Hamas and other militant organizations learned the value of using social media to push their ideology. During and after the 2018 March of Return riots in Gaza, it became clear Palestinian factions had ramped up their social media presence by routinely publishing videos of attacks.
Throughout 2018 and 2019, militants representing a range of factions formed front groups that waged a low-intensity conflict against the IDF at the Gaza border. These groups, most of them named after iconic figures in Palestinian militancy, often filmed their exploits and published them on various social media platforms. For example, a Hamas front group called Ibna’ al-Zawari, named after Muhammed al-Zawari, used Facebook to publish videos of incendiary-laden balloons that were used to set fire to crops inside Israeli territory.
While at some point the groups’ exploits bordered on being absurd, the intent was clear: Palestinian militants groups wanted to draw the attention of Israelis and the international public to the campaign of violence that was being waged at the Gaza border.

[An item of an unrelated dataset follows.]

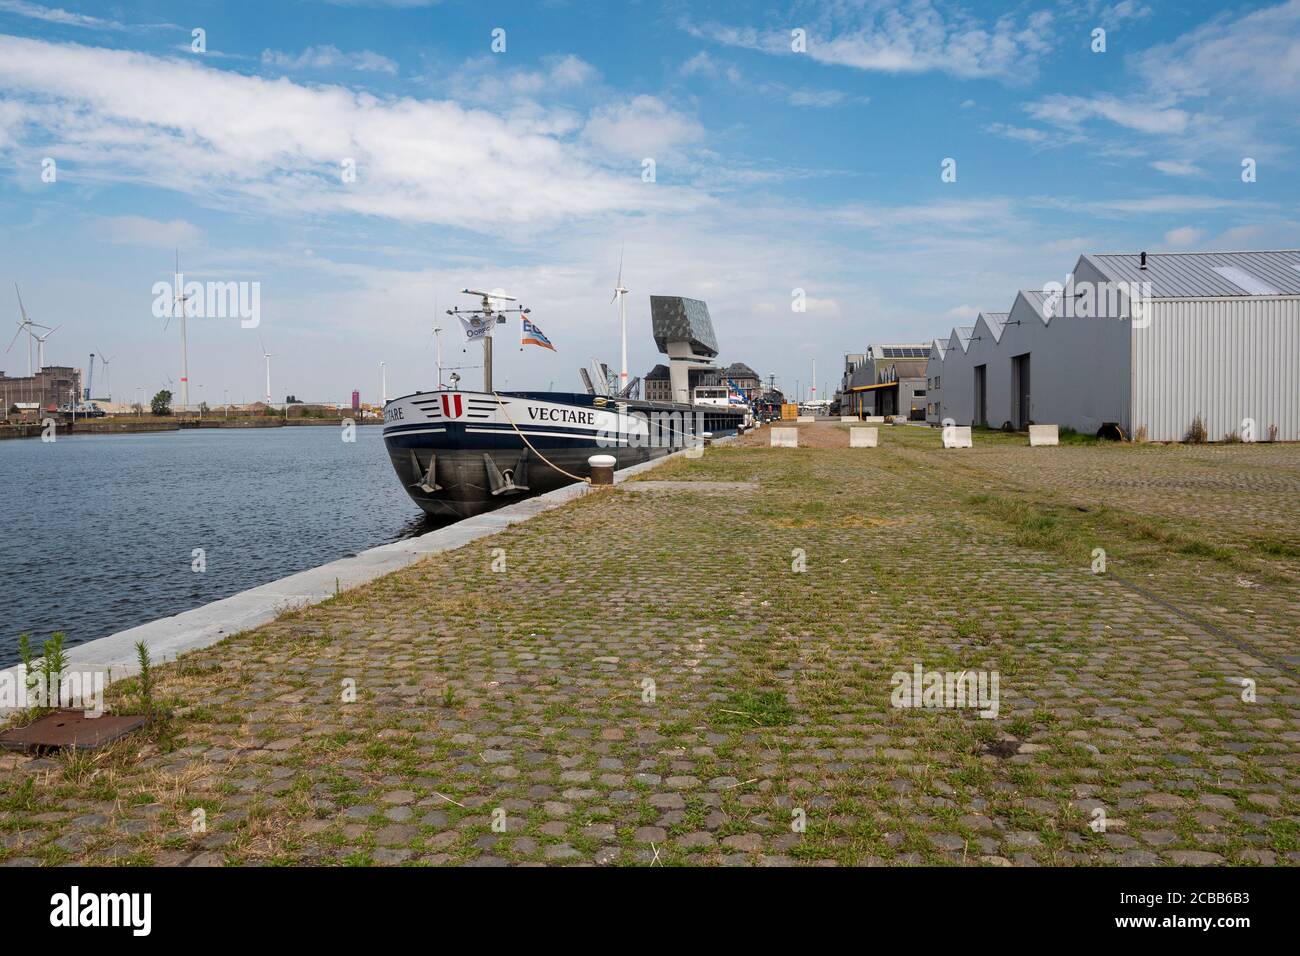 Anversa, Belgio, 19 luglio 2020, ormeggiata barca nel molo chiamato Kattendijkdok con il porto di Anversa sullo sfondo Foto Stock

Presently, a similar campaign of violence is being waged in the West Bank. With the support of external actors such as Hezbollah, Palestinian militant groups have frequently clashed with Israeli security forces and have launched strikes against Israeli civilians. A major component of the campaign has been social media. Militant groups routinely publish attacks on social media platforms such as Telegram to demonstrate their achievements to the Palestinian street and to the Arab world.
For example, the nascent militant organization the Lions’ Den owes much of its popularity to its social media presence. Presently on Telegram, the organization has approximately 235 thousand followers, more than any other Palestinian faction, including Hamas. Since August 2022, the group has published warnings to the Israeli government and videos of fighters targeting Israeli settlements with gunfire.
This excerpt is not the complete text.